The main body 51 has a substantially arc-shaped outer surface 511 and an inner surface 512 (fixed inner surface) that are convexly curved toward the outdoor side. A substantially arc-shaped extending side plate portion 513 extending from the inner surface 512 to the indoor side is formed on the side portion of the main body 51 on the vertical rod 22 side. A side plate 52 is continuously formed on the side of the main body 51 on the vertical frame 3 side. Further, a substantially arc-shaped extending edge portion 524 that extends downward from the lower portion of the main body 51 on the vertical frame 3 side and covers the gap between the side plate portion 52 and the movable cover 60 from the outdoor side. Is formed. The extended edge portion 524 is formed continuously with the side plate portion 52.
A closing portion 521 that closes a gap between the side plate portion 52 and a cover portion 613 to be described later of the movable cover 60 is formed at the lower end of the side plate portion 52.
The attachment portion 53 is formed continuously on the upper portion of the main body portion 51, and is screwed to the upper outdoor finding piece portion 302 of the vertical frame 3 by screws 13.

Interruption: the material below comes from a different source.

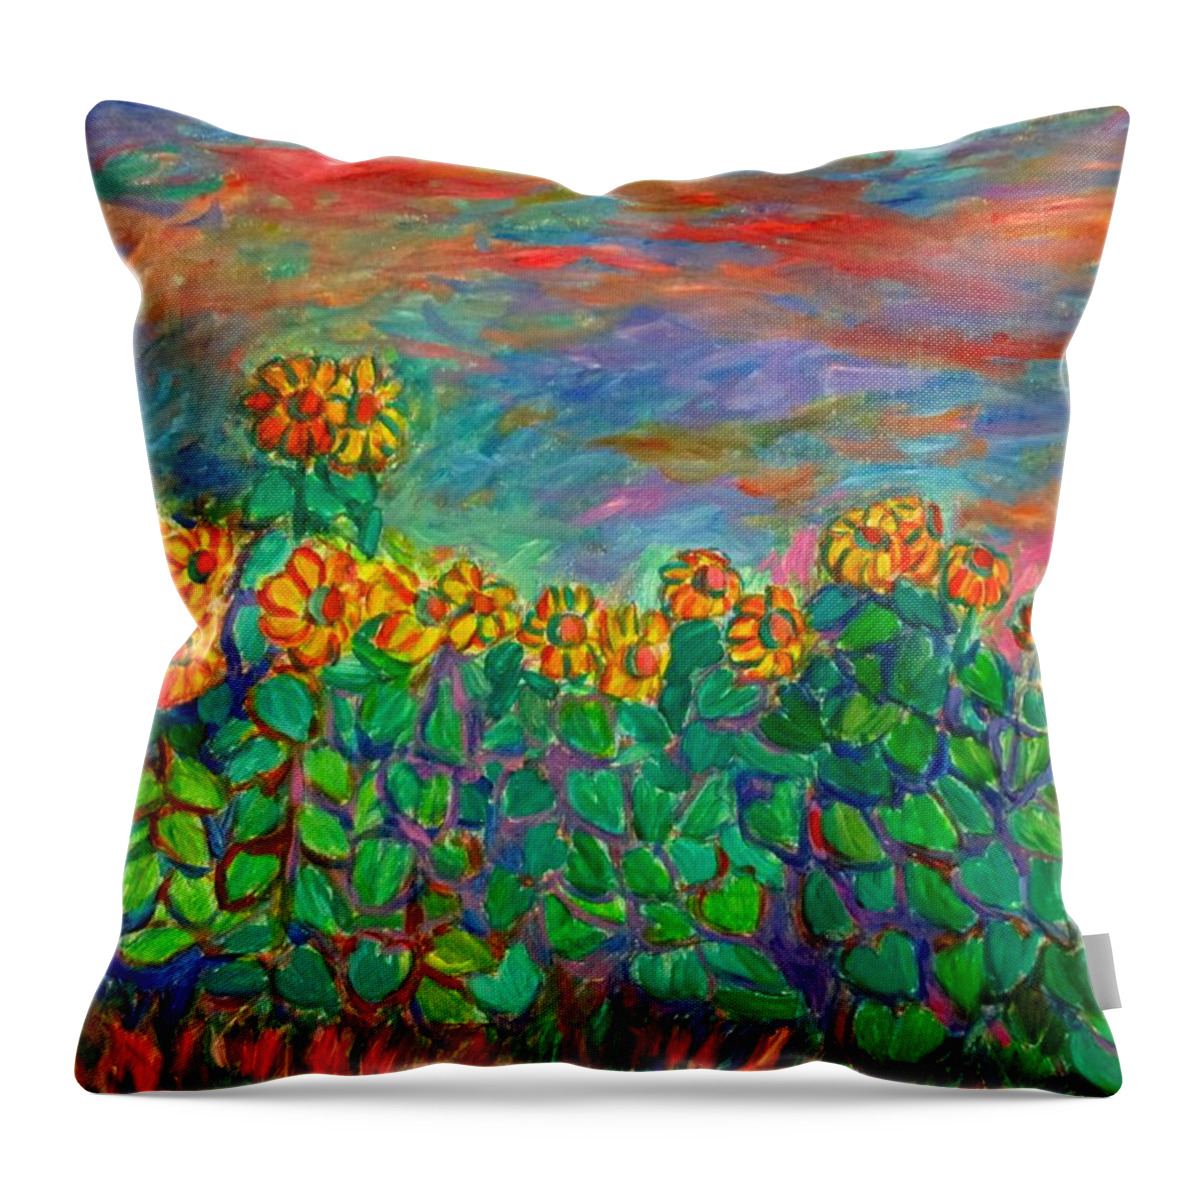 Sunflowers Throw Pillow featuring the painting Sunflower Frenzy by Kendall Kessler

As shown in FIG. 9, the movable cover 60 includes a main body portion 61, a side plate portion 62 having a substantially half-hen egg shape in a side view, and an attachment portion 63.
The main body 61 has a substantially arc-shaped outer surface 611 (movable outer surface) and an inner surface 612 that are convexly curved toward the outdoor side. A flat cover 613 is formed at the lower part of the main body 61. A side plate portion 62 is continuously formed on the side portion of the main body portion 61 on the vertical rod 22 side. Further, a substantially arc-shaped extending edge portion 624 extending upward from the upper portion is formed on the upper portion of the main body portion 61 on the side plate portion 62 side. The extended edge portion 624 is formed continuously with the side plate portion 62. A rib 625 extending toward the inner surface 512 of the fixed cover 50 is formed along the extended edge 624 in the extended edge 624.
The attachment portion 63 is formed on each of an upper portion and a lower portion of the main body portion 61 on the side plate portion 52 side. Each attachment portion 63 is screwed to the prospective piece portion 211 of the vertical rod 21 with a screw 13.

In the closed state of the shoji 20 shown in FIG. 14, the positional relationship between the fixed cover 50 and the movable cover 60 is as follows. The main body 51 of the fixed cover 50 is positioned so as to cover the upper side of the gap between the upper outdoor finding piece 302 of the vertical frame 3 and the lower outdoor finding piece 214 of the vertical rod 21, and the main body 61 of the movable cover 60 is It is located so as to cover the lower side of the gap described above. The upper portion of the main body portion 61 is positioned so as to overlap with the lower portion of the main body portion 51 of the fixed cover 50 in the prospective direction.
The extension side plate portion 513 of the fixed cover 50 is positioned to face the extension edge portion 624 of the movable cover 60 with a slight gap therebetween. The extended edge portion 524 of the fixed cover 50 is positioned so as to cover the gap between the side plate portion 52 of the fixed cover 50 and the main body portion 61 of the movable cover 60 from the outdoor side. The closing portion 521 of the fixed cover 50 is located on the indoor side with respect to the covering portion 613 of the movable cover 60.
The rib 625 of the movable cover 60 is positioned to face the inner surface 512 of the fixed cover 50 with a slight gap therebetween. A so-called labyrinth structure is formed on the side plate portion 62 side of the hinge cover 40 </ b> A by the extension side plate portion 513 and the rib 625 described above.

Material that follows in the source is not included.